*** Opening of DATA SHOWN ***

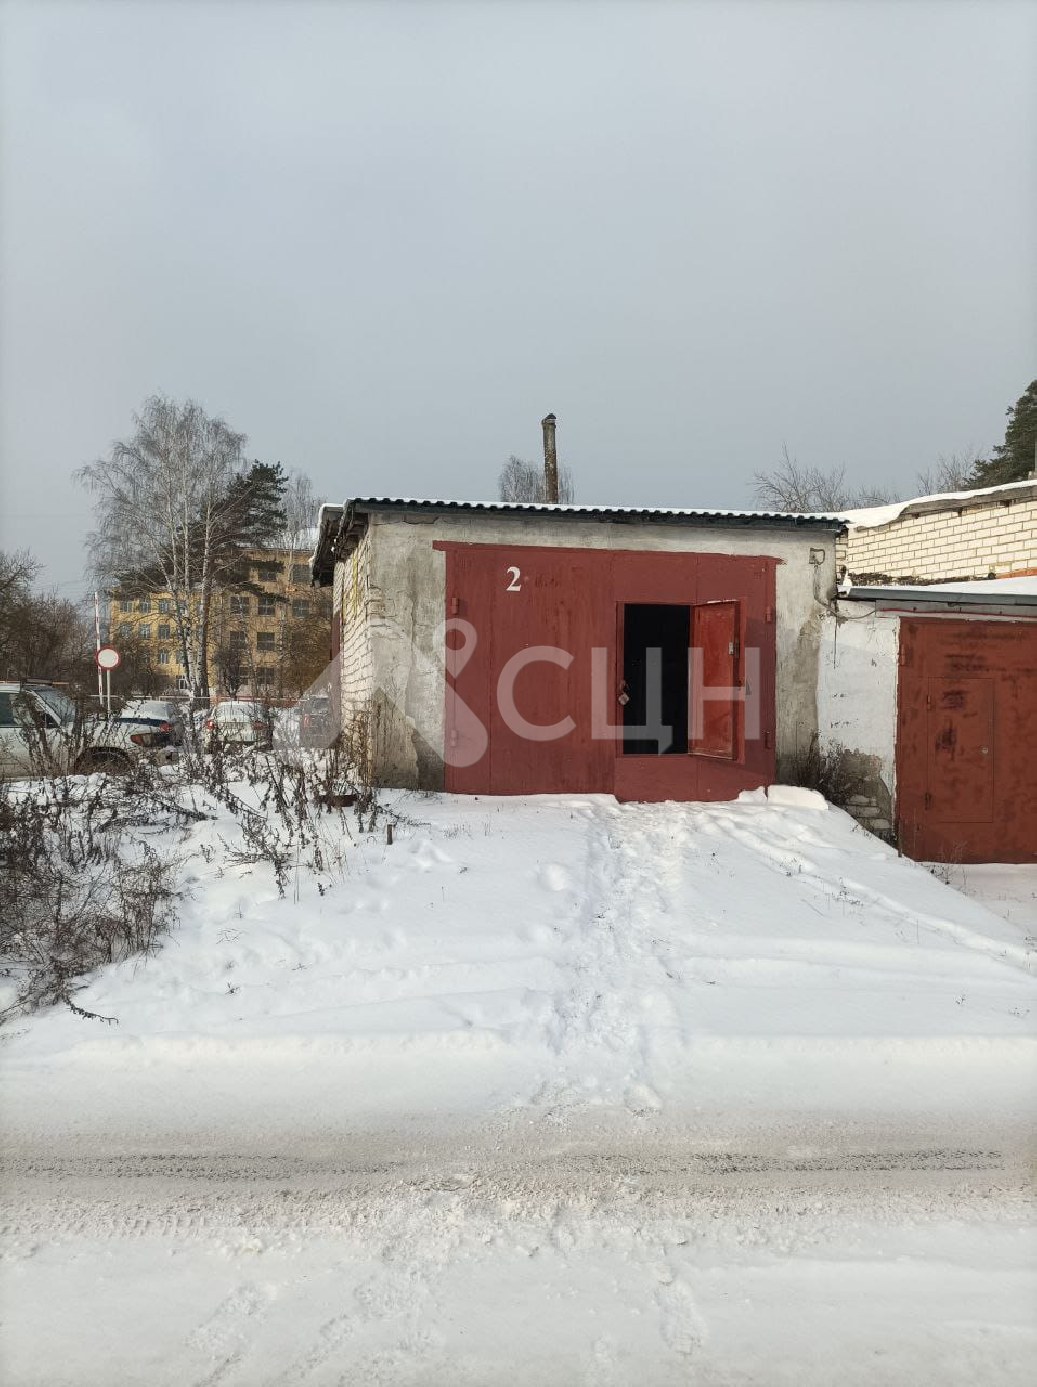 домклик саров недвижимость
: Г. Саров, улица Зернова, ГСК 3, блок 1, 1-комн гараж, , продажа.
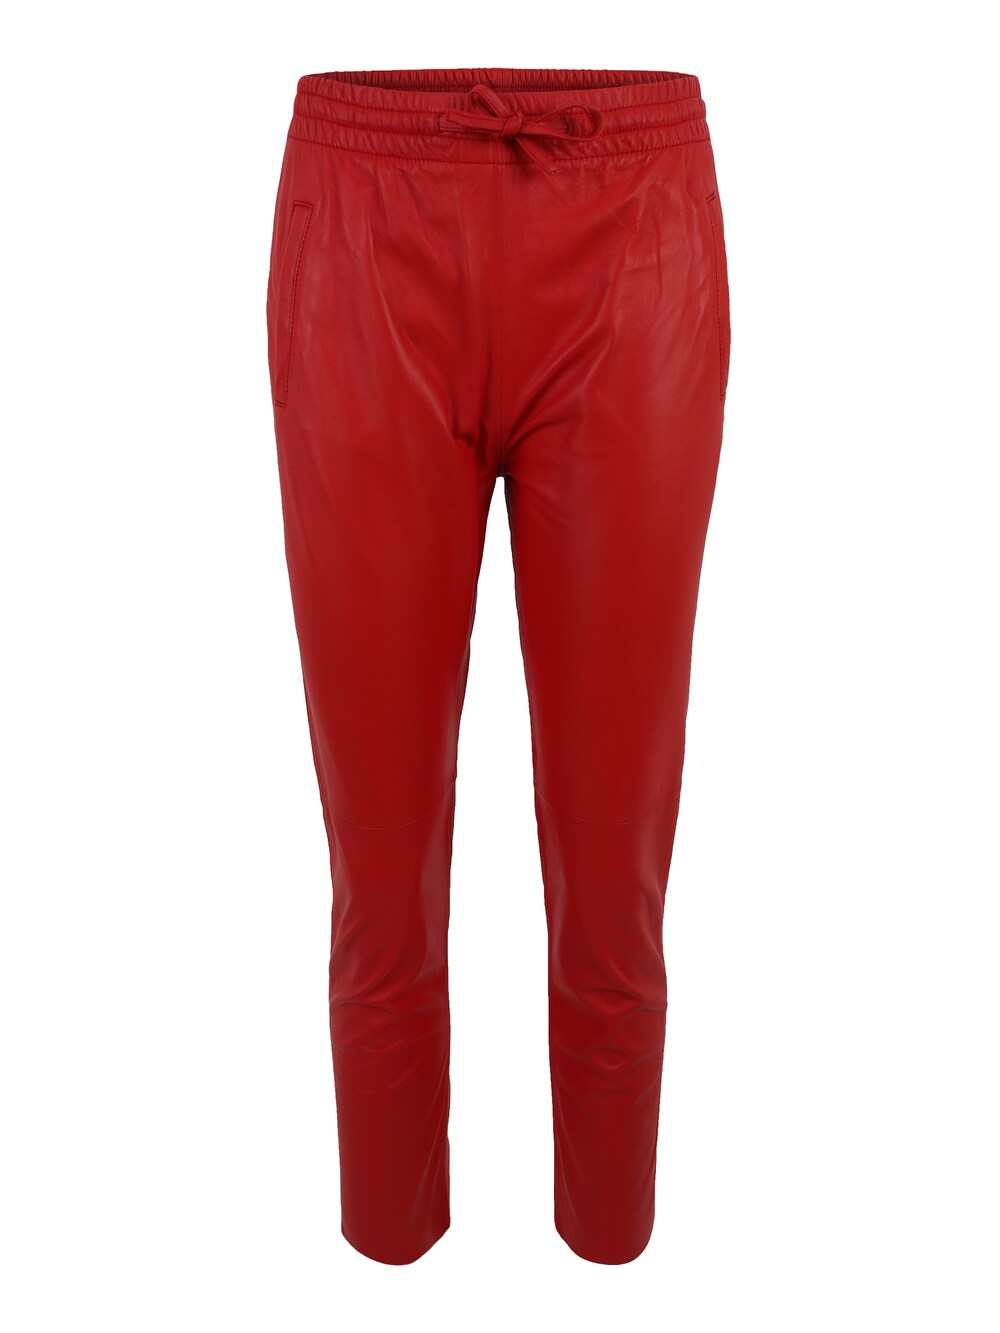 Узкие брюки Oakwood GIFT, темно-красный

*** Close of DATA SHOWN ***

_PROBLEM TO SOLVE_:
Every line above is to be duplicated exactly; no picture should be carried over.

_ANSWER SECTION_:
 домклик саров недвижимость
: Г. Саров, улица Зернова, ГСК 3, блок 1, 1-комн гараж, , продажа.
 Узкие брюки Oakwood GIFT, темно-красный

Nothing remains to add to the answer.